### Task goal
Everything in the listing below must be set down again exactly, apart from the pictures.

-- Dataset content follows --

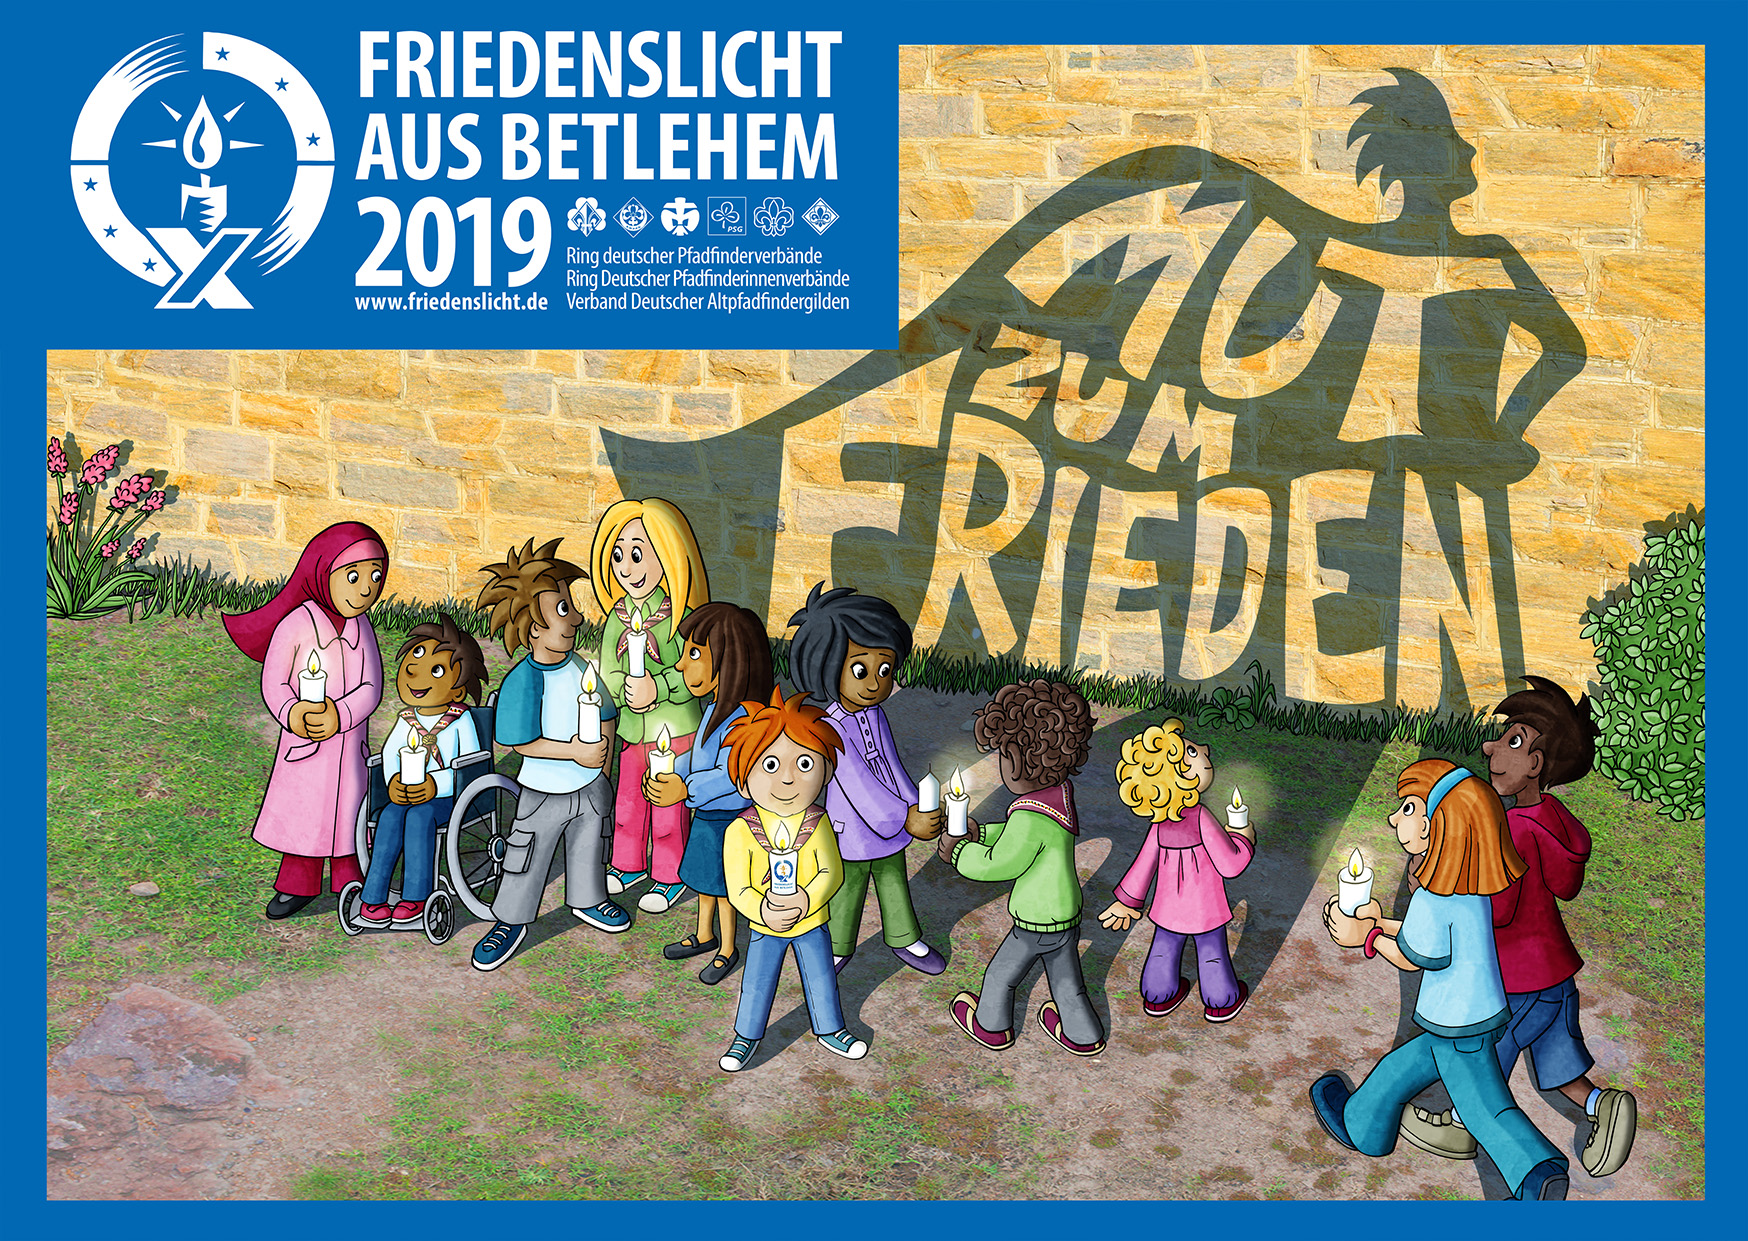 You are currently viewing Friedenslicht 2019
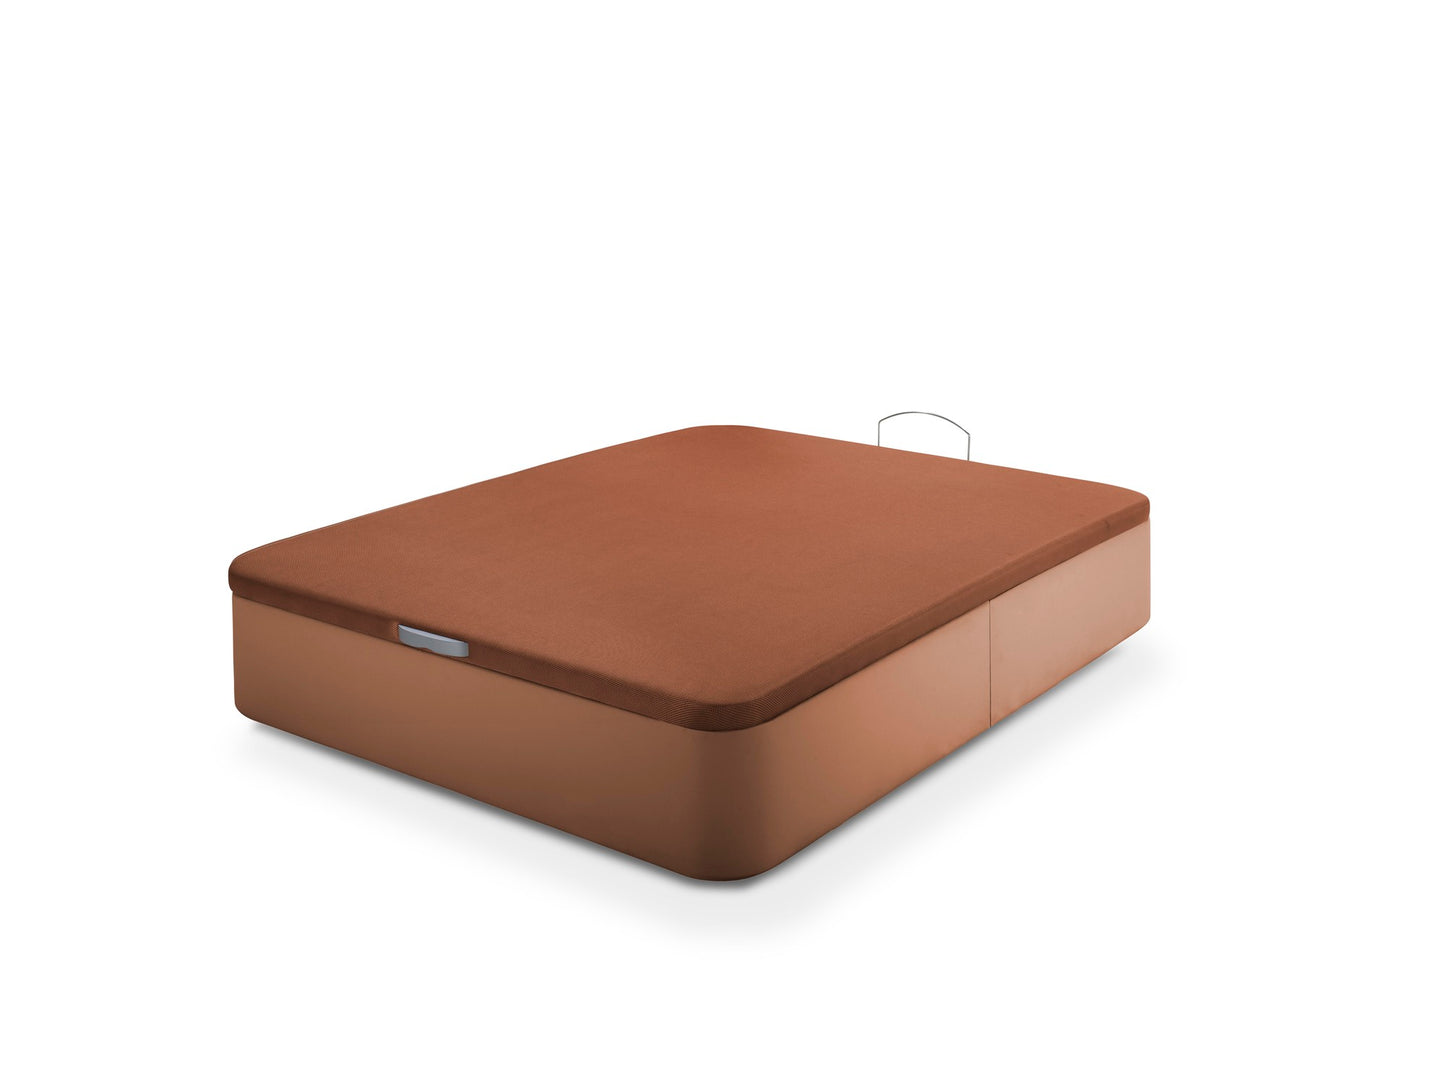 Pack Leatherette Canapé and Ergo-Relax Plus Mattress | BROWN
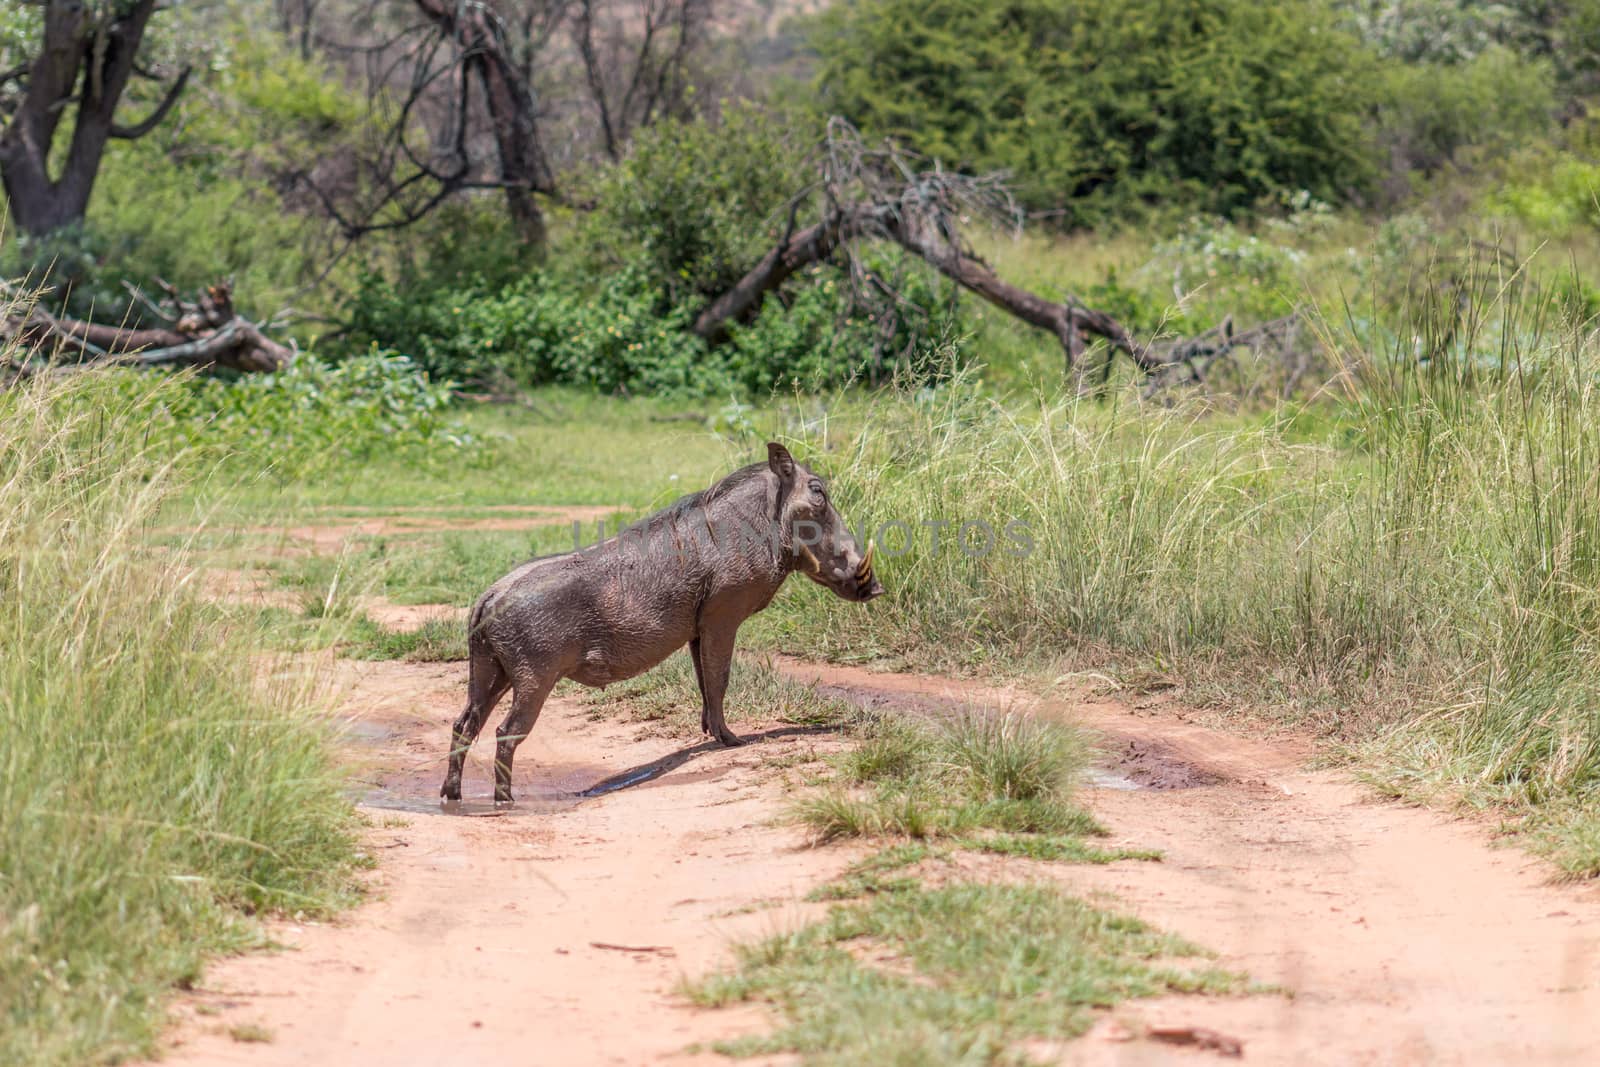 Common warthog standing in the middle of a dirt road

-- Dataset content concluded --

### Answer to the exercise
 You are currently viewing Friedenslicht 2019
 Pack Leatherette Canapé and Ergo-Relax Plus Mattress | BROWN
 Common warthog standing in the middle of a dirt road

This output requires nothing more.